[Items from a dataset]

******

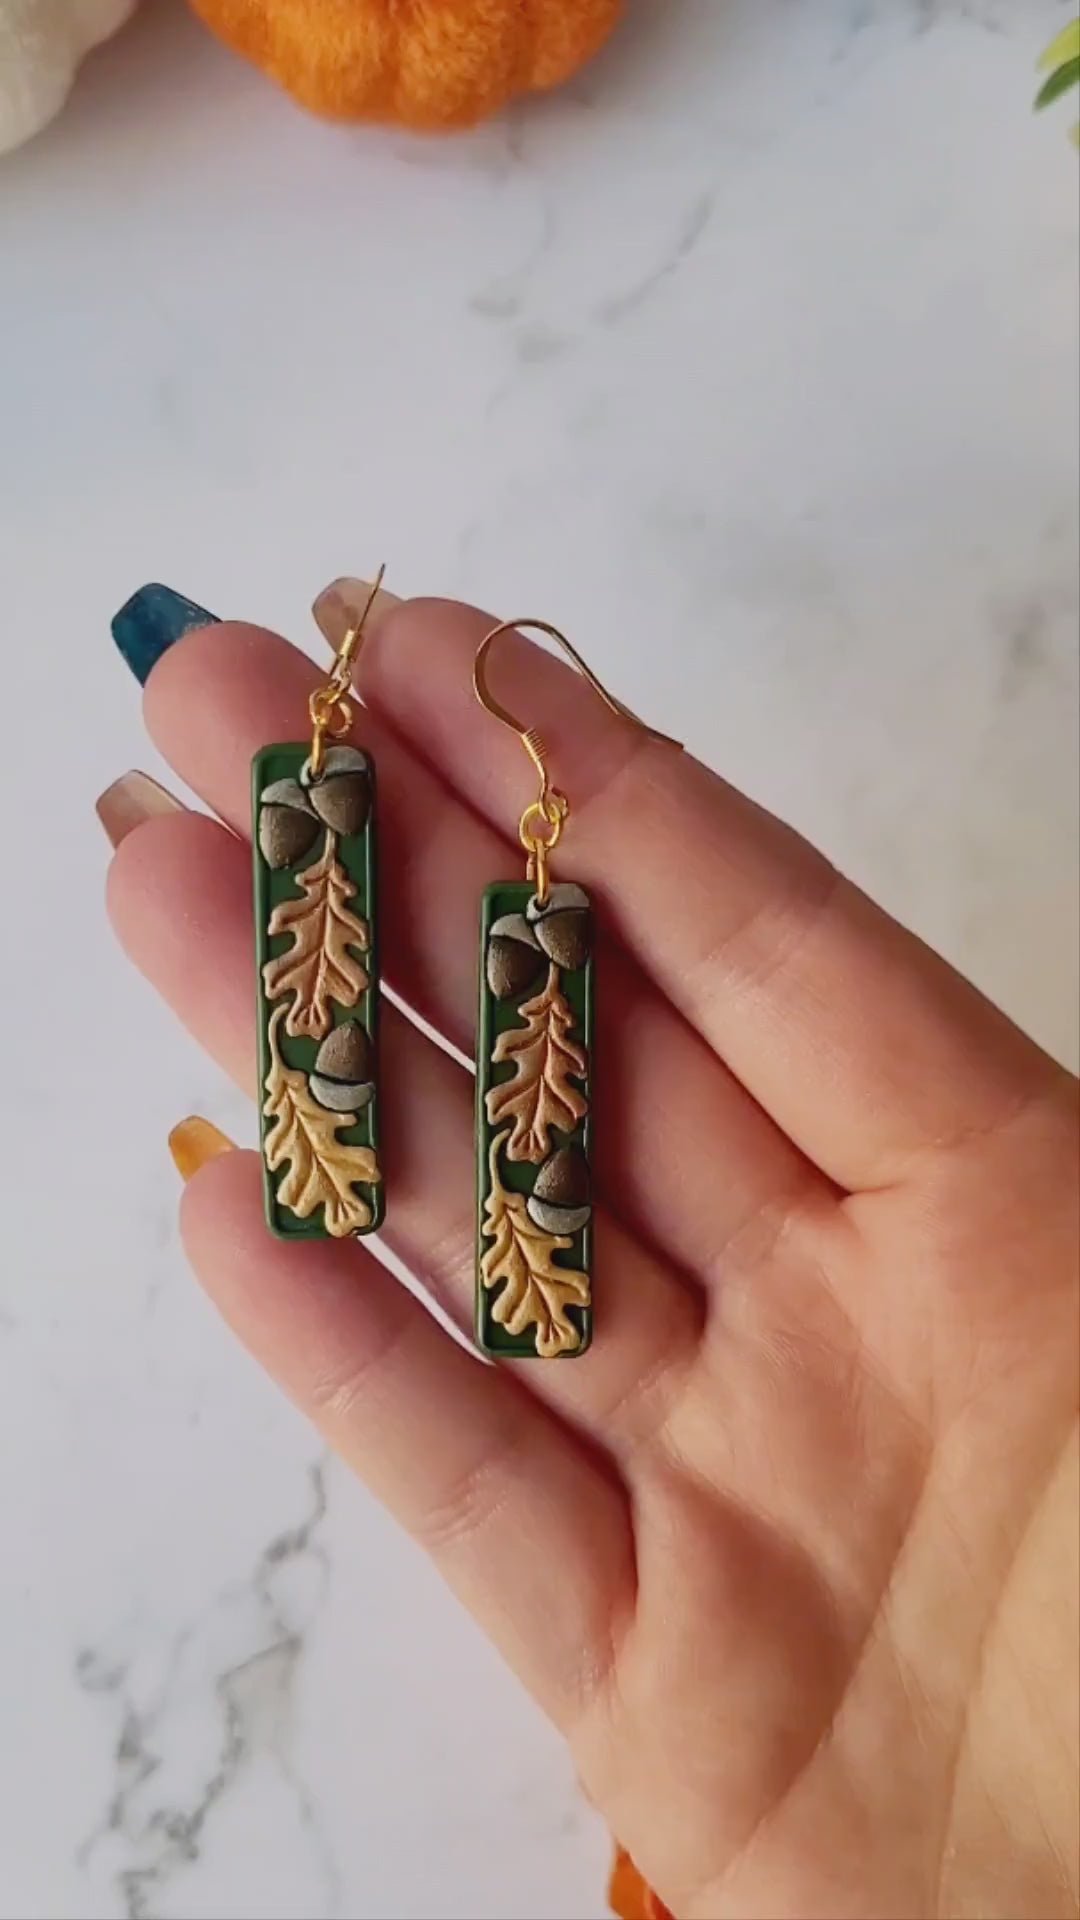 video close up of the Green bar shaped earrings with metallic acorns and oak leaves.
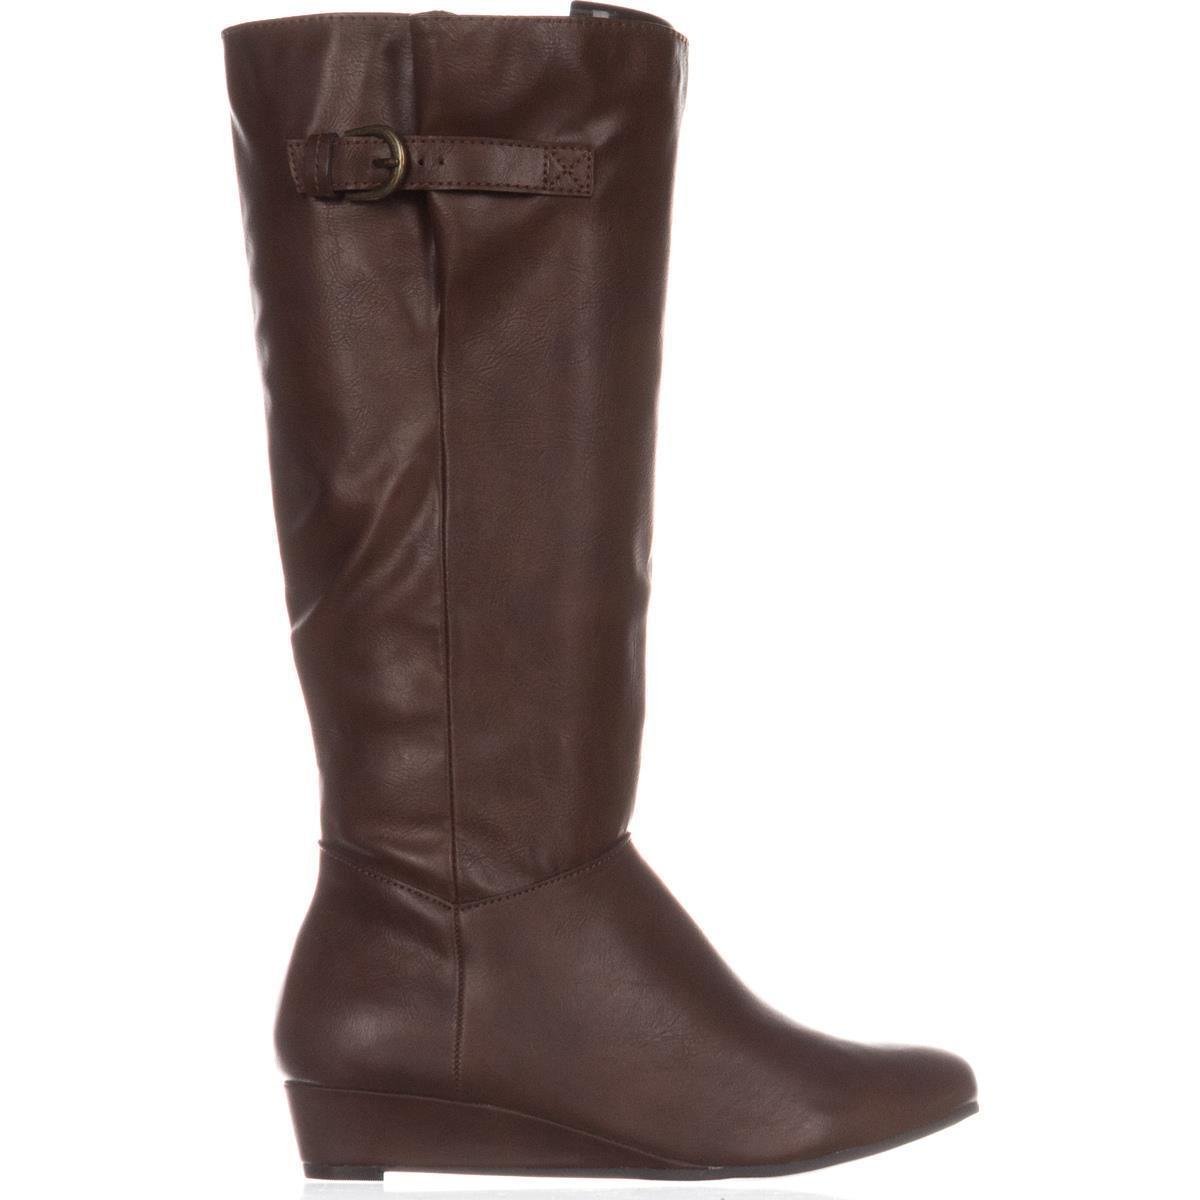 Style & Co. Womens Boots in Brown Color, Size 6 GJH | eBay
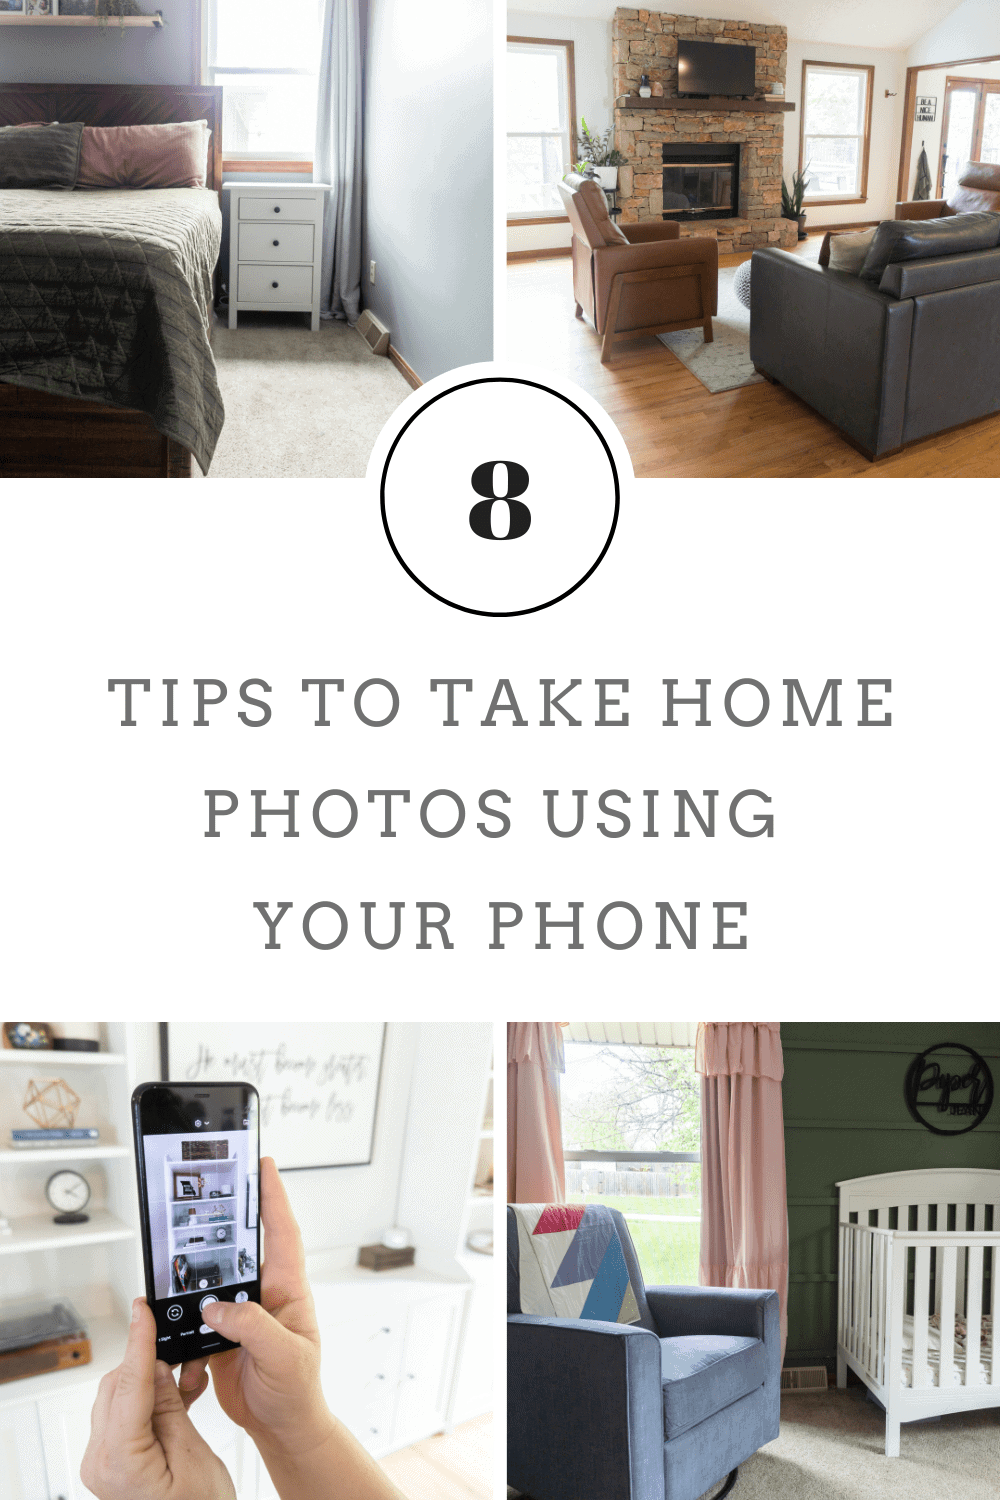 8 tips to take photos of your home using your phone
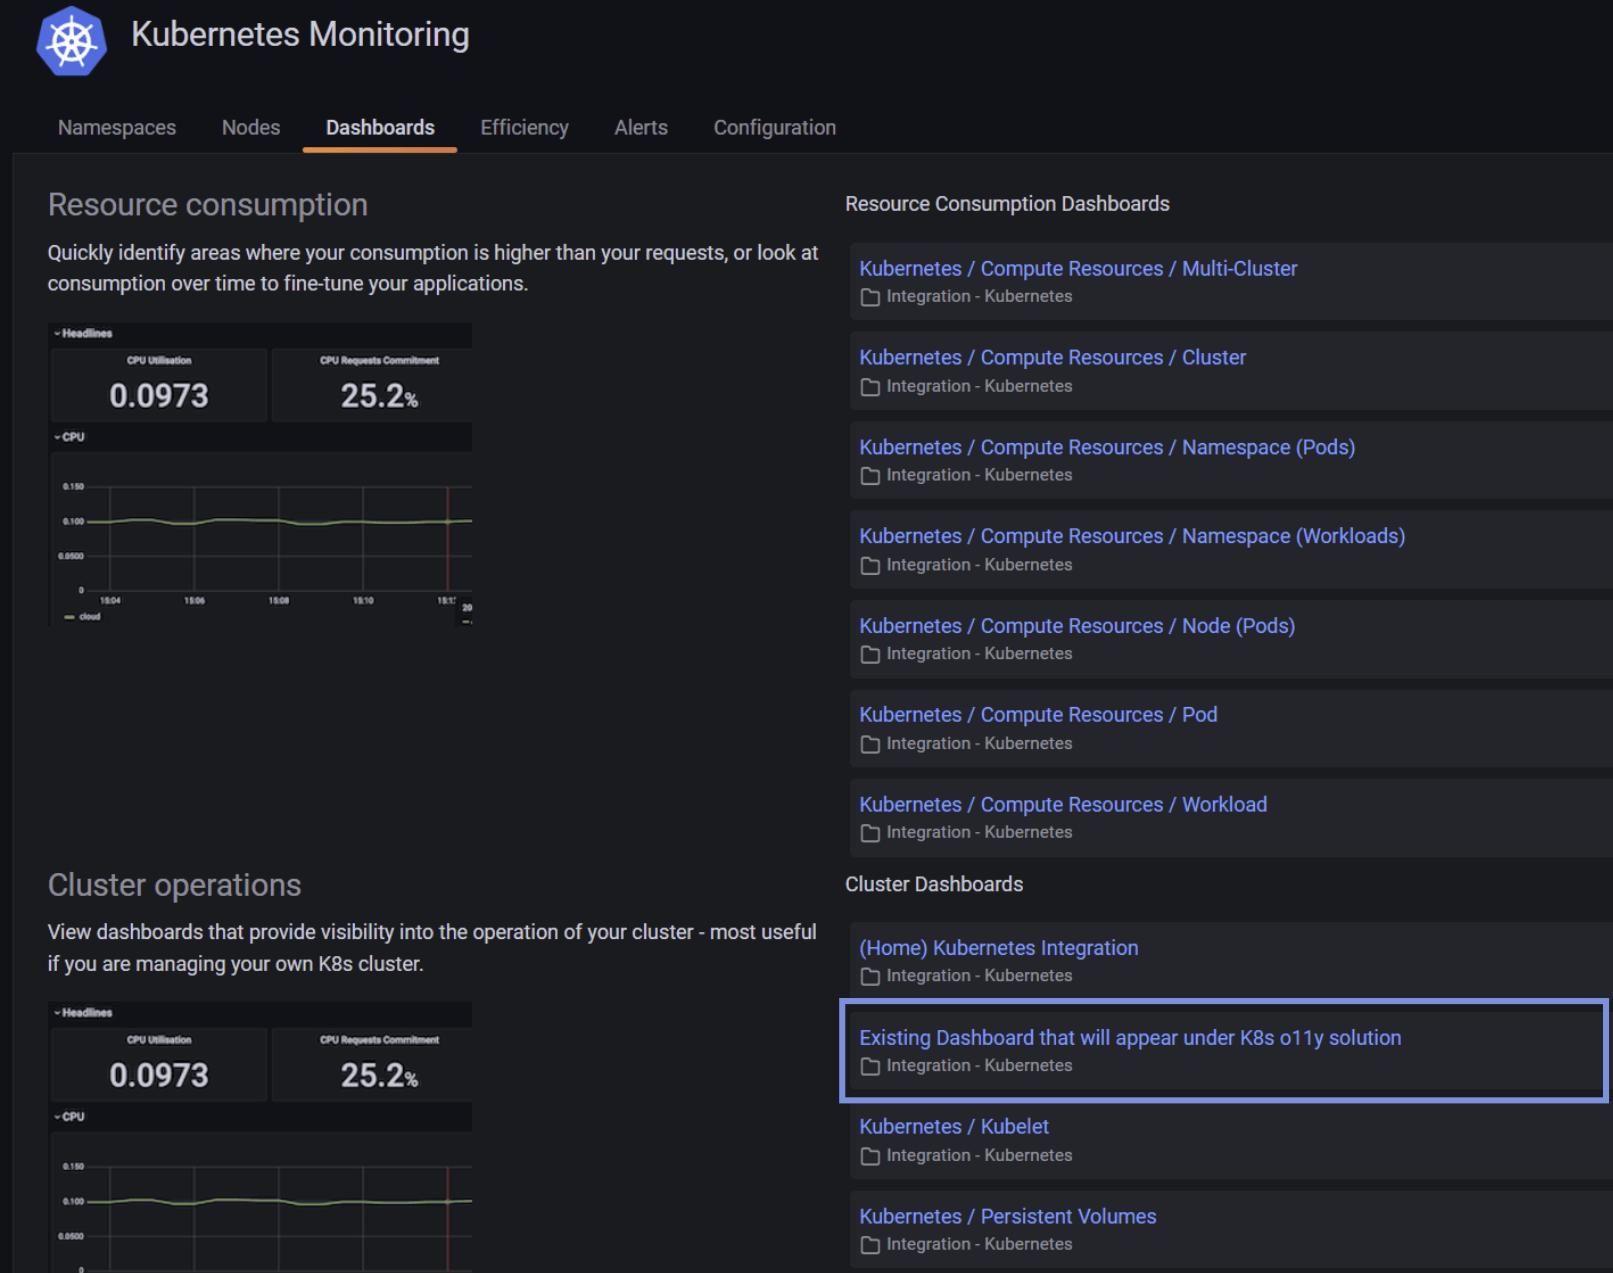 How to migrate existing Grafana dashboards and alerts into Kubernetes Monitoring in Grafana Cloud
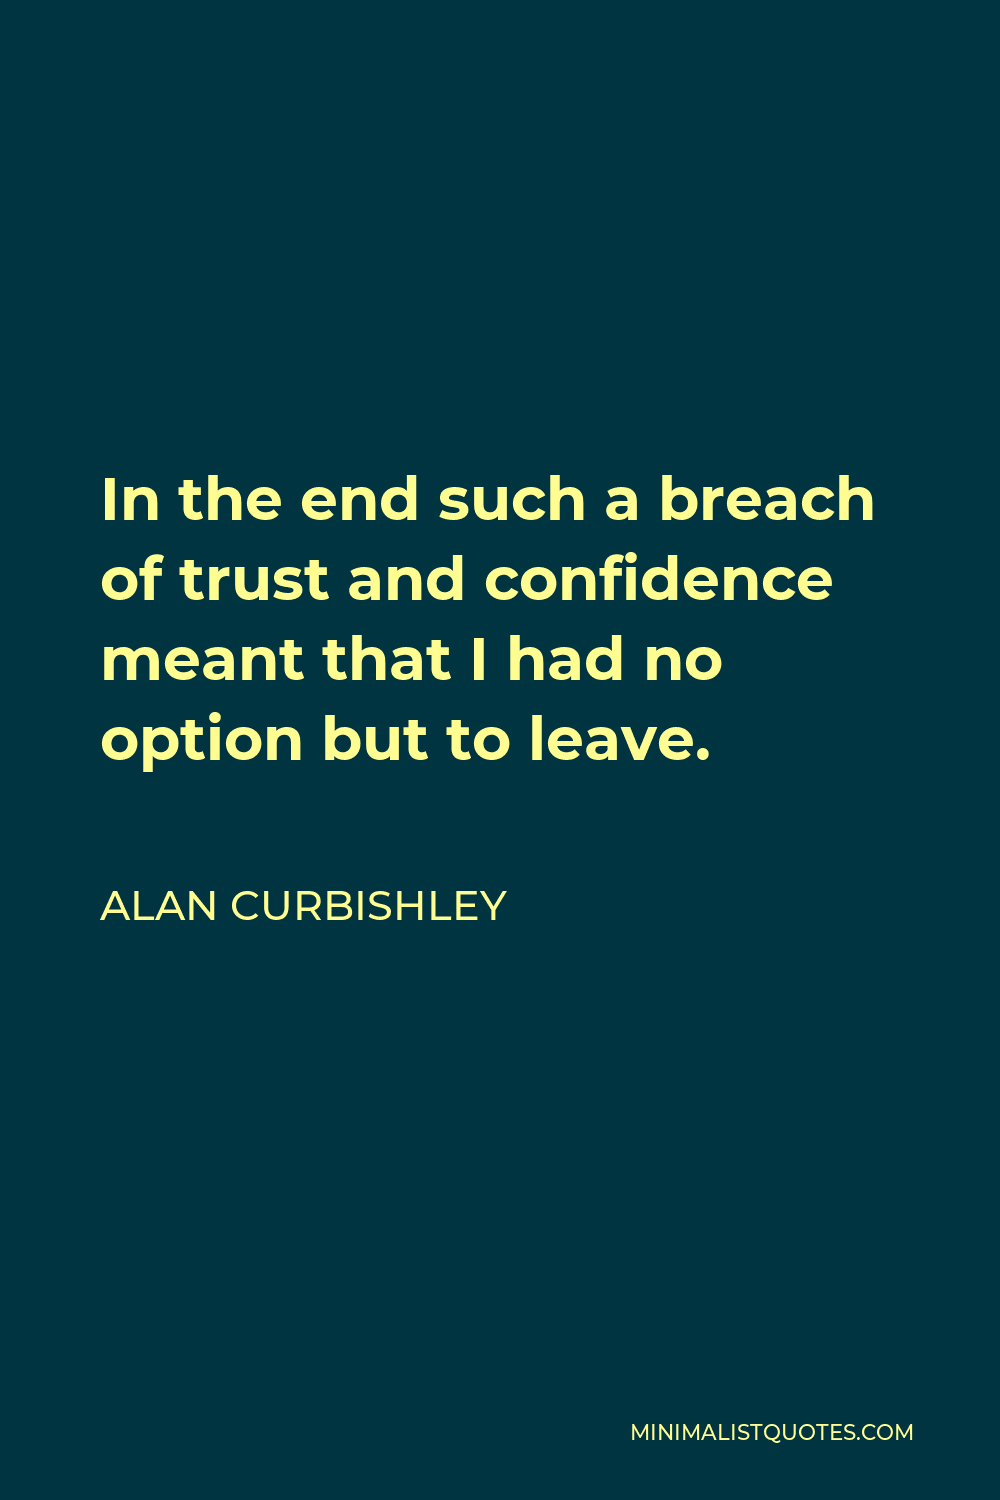 Alan Curbishley Quote - In the end such a breach of trust and confidence meant that I had no option but to leave.

******

Set down exactly, and only, the lines from the one containing "8 tips to take" through the last line of the entries. Pictures do not belong in the copy.

COMPLETED EXERCISE:
 8 tips to take photos of your home using your phone
 How to migrate existing Grafana dashboards and alerts into Kubernetes Monitoring in Grafana Cloud
 Alan Curbishley Quote - In the end such a breach of trust and confidence meant that I had no option but to leave.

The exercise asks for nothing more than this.